По телевизору начался очередной кусок многосерийного фильма, снятого по роману отца, а вставать от письменного стола и переключать на другую программу было лень. Стас присмотрелся. Папа, когда писал, слов не жалел, так что пришлось постараться, чтобы втиснуть его эпопею в шесть часовых серий, и серьезный роман превратился в дешевенькую мелодраму и неубедительный панегирик коллективизации.
Стас сам не понимал, злорадствовать ему или сочувствовать своему маститому отцу.
Иногда он, сидя над чистым листом бумаги в поисках рифмы, ощущал почти физическую потребность писать прозу.
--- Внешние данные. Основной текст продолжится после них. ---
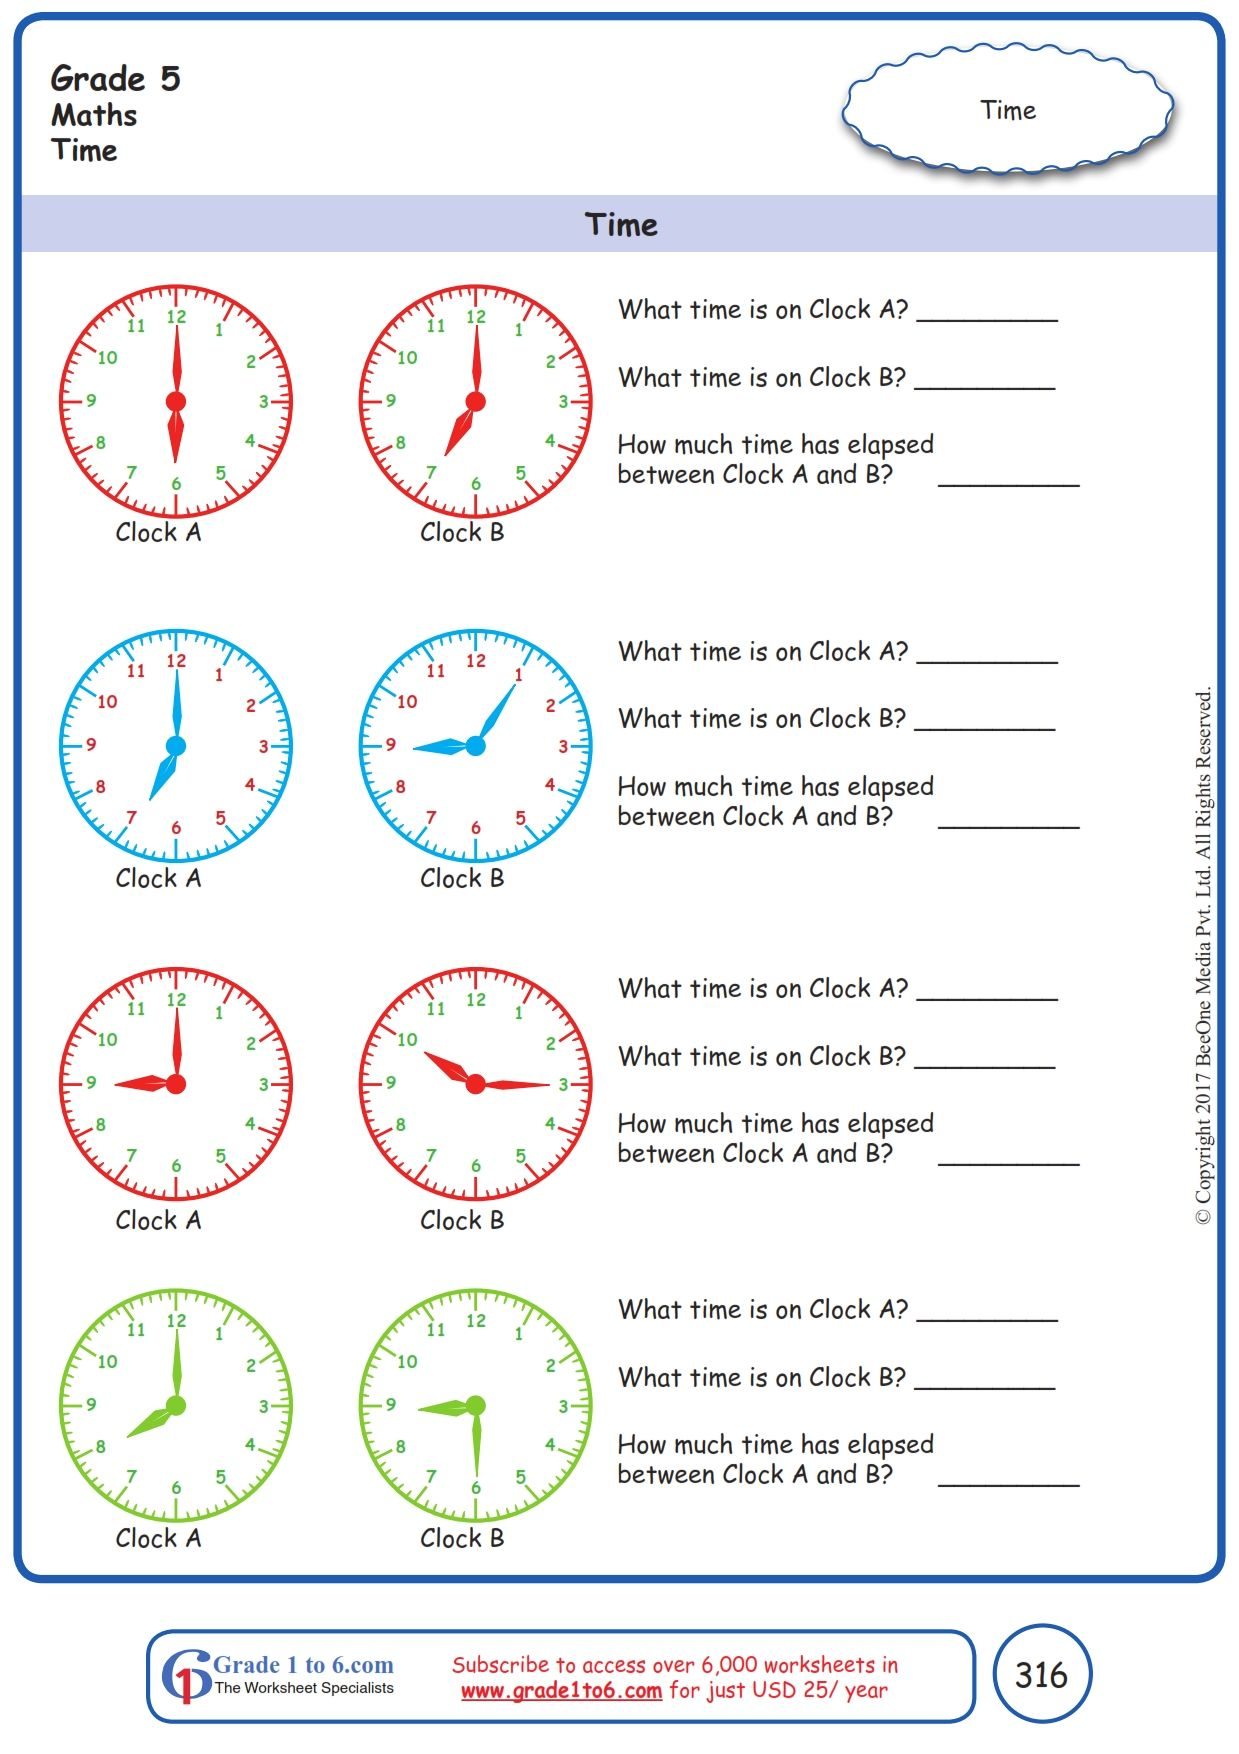 Worksheet Grade 5 Math Time in 2021   Kindergarten worksheets [ 1754 x 1239 Pixel ]
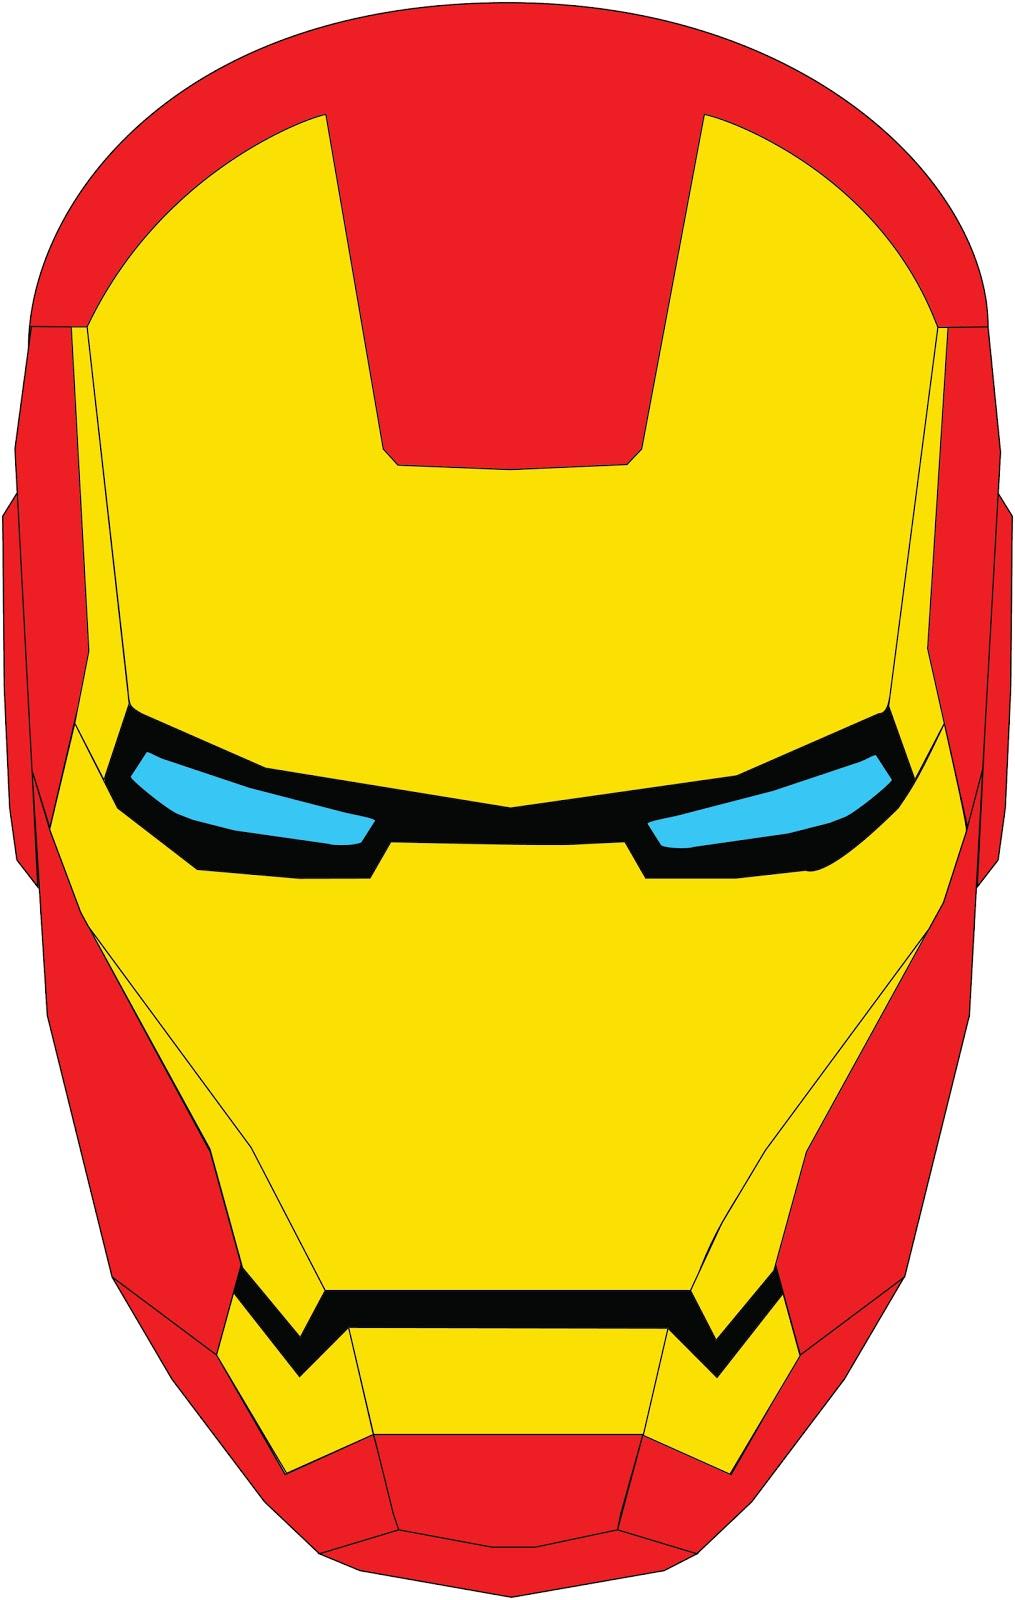 Iron Man Vector Logo x3cbx3eiron Manx3cbx3e Marvel x3cbx3elogo

Когда в экспедициях он видел какой-нибудь удивительный пейзаж, сразу думал, как бы описал его в романе или повести, а поэтические строки не приходили на ум даже при созерцании самых потрясающих природных красот. Он любил говорить с местными жителями, записывал их предания и обычаи, особенные словечки, и насобирал уже приличный архив, и даже вполне отчетливо представлял себе, о чем мог бы быть его роман, но знал, что никогда его не напишет.
Папа своими многотомными кирпичами надежно заложил для сына окно в бессмертие. Официально отец проклял сына, как только узнал, что тот связался с позорным отребьем, расплывчато именуемым «системой», настолько плотно, что отказался вступать в комсомол. Как многие родители, он попытался быстро и насильно сделать из Стаса человека, и в результате подростковое позерство превратилось в непоколебимые убеждения.